Problem to solve.
For the listing below, the answer is an exact retyping of the lines from the one with "The Quakertown student" through the one with "Format For Cover", both included, without pictures.

Data extracts.
━━━━━━
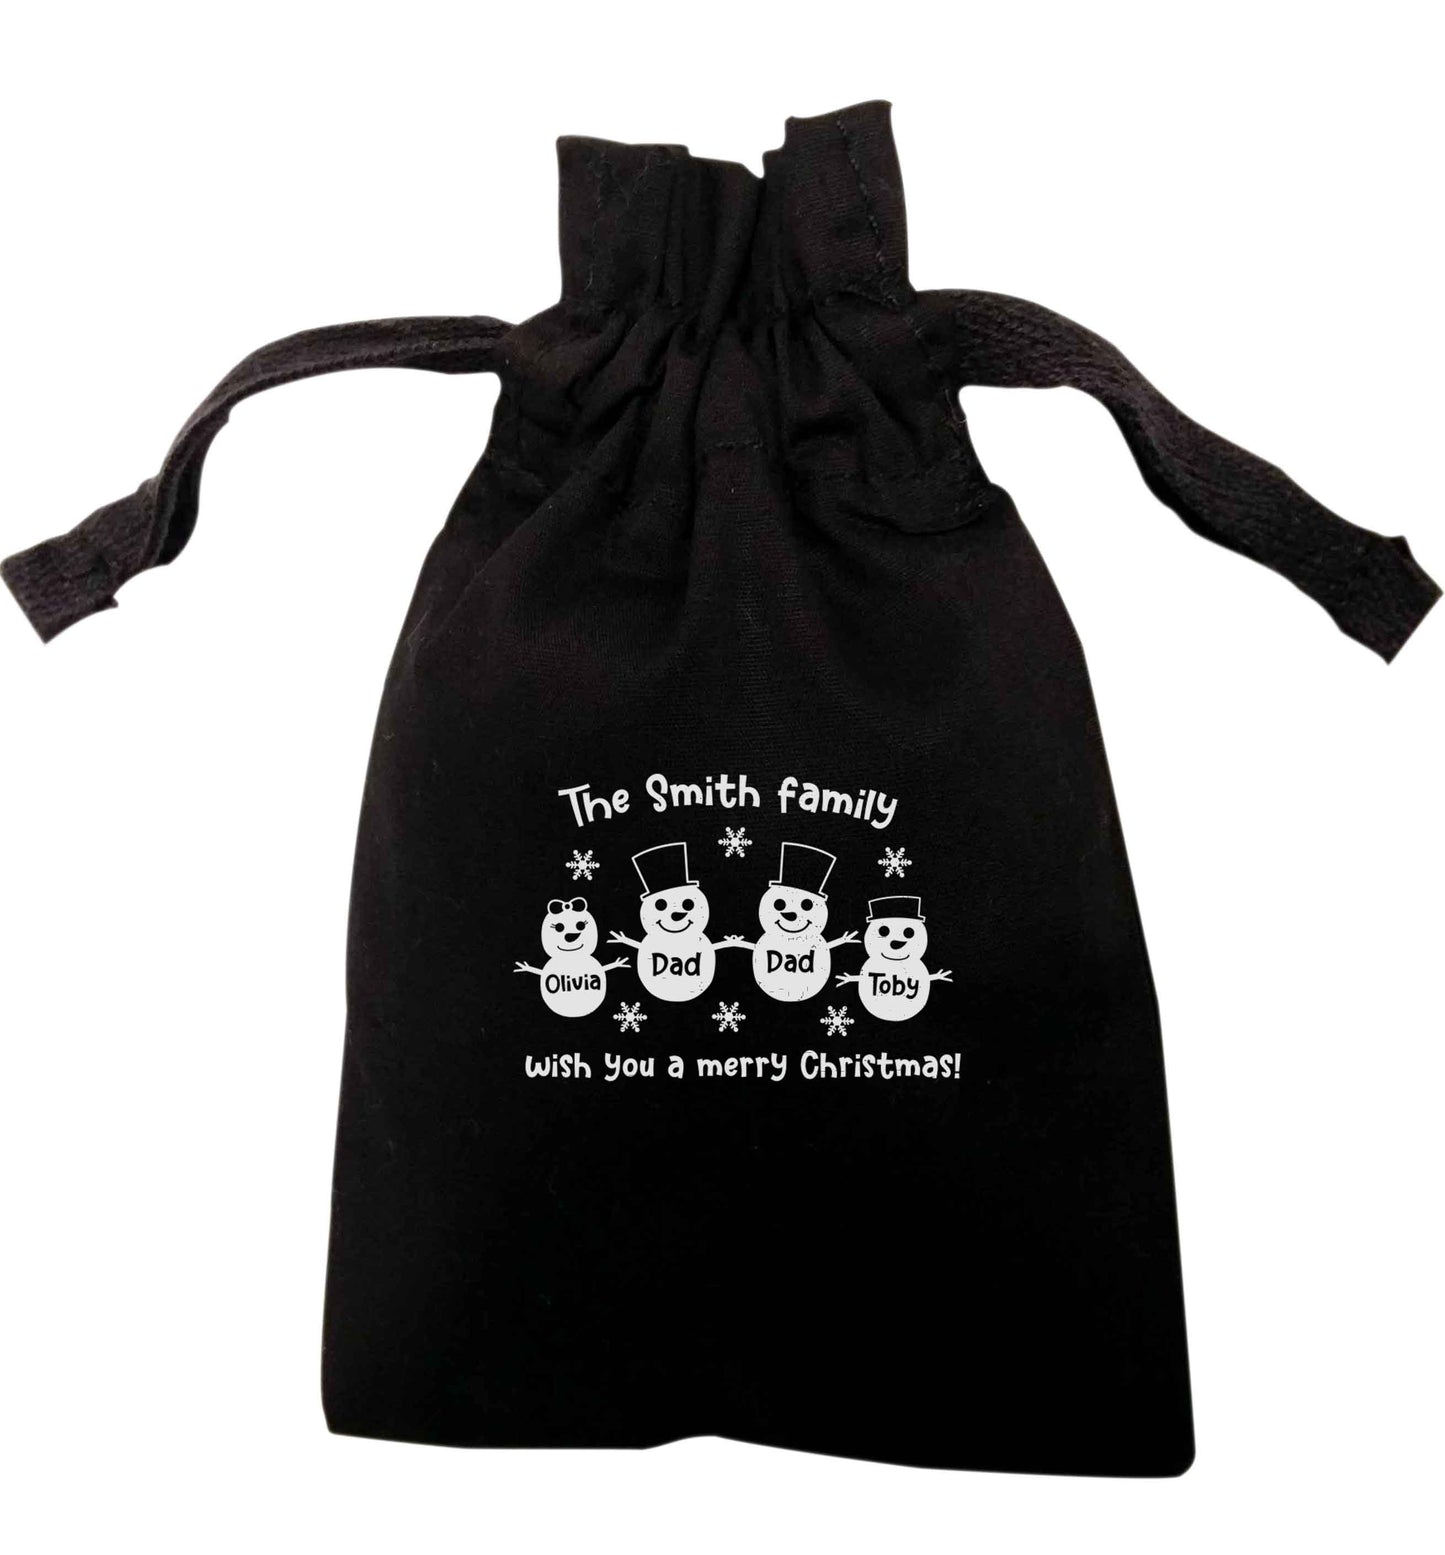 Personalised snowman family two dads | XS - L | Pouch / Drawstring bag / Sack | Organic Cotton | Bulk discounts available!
━━━━━━
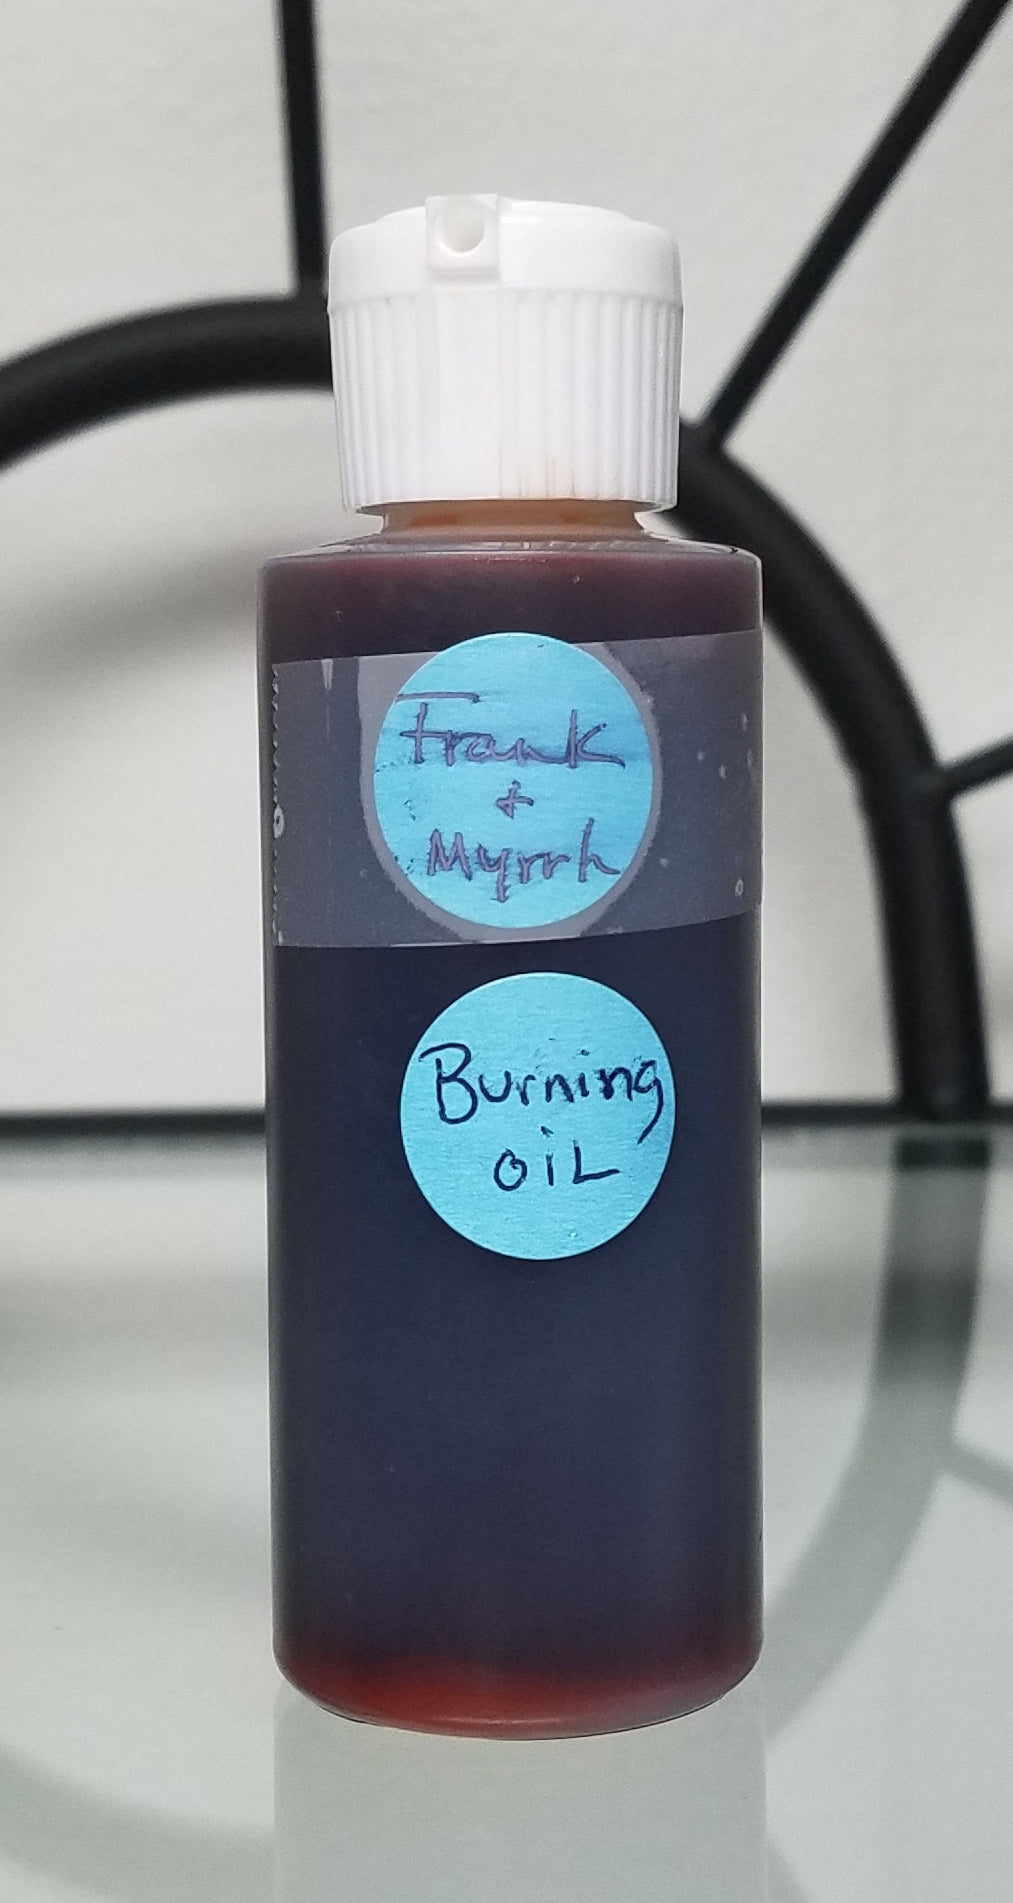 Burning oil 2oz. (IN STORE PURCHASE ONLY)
━━━━━━
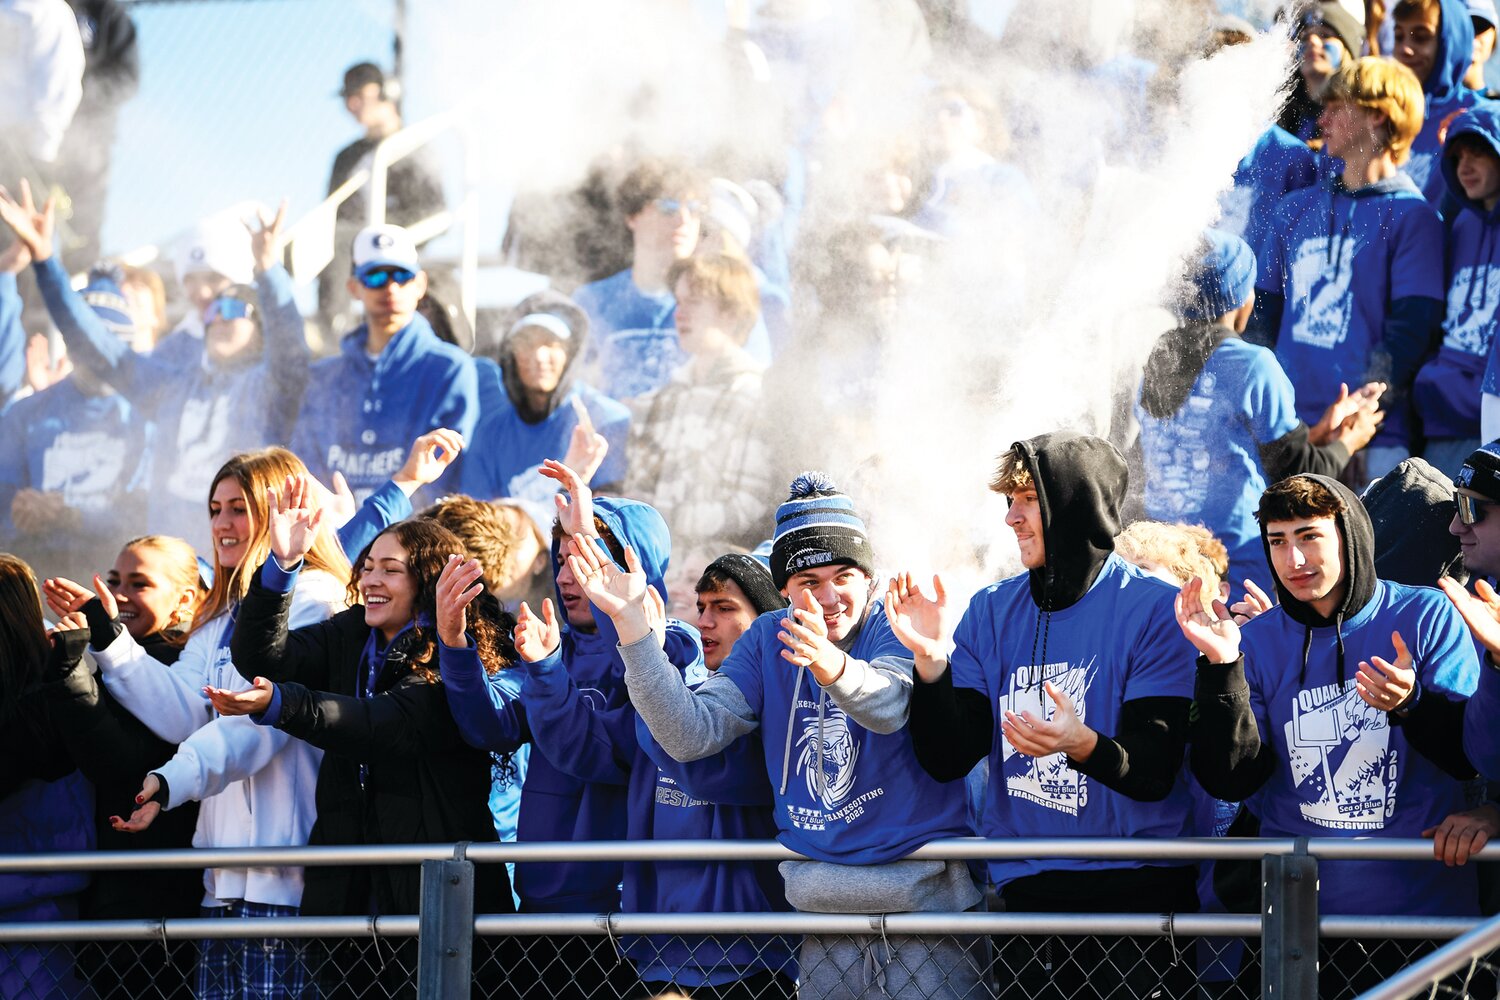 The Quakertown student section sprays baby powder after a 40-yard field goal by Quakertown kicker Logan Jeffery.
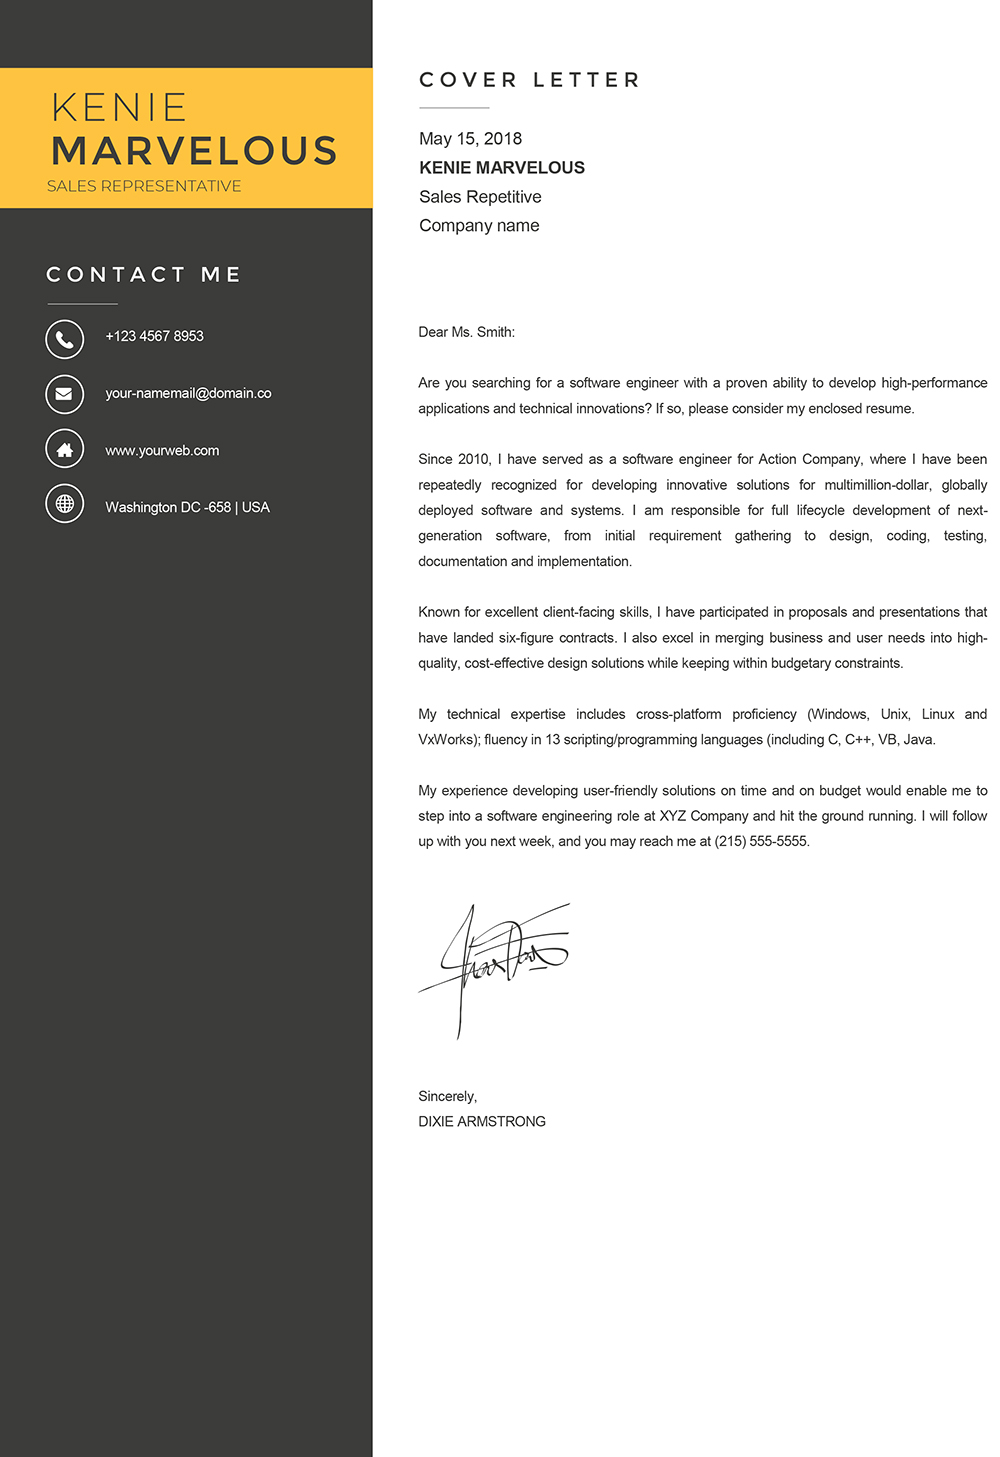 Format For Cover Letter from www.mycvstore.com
━━━━━━
Result for this exercise.
 The Quakertown student section sprays baby powder after a 40-yard field goal by Quakertown kicker Logan Jeffery.
 Format For Cover Letter from www.mycvstore.com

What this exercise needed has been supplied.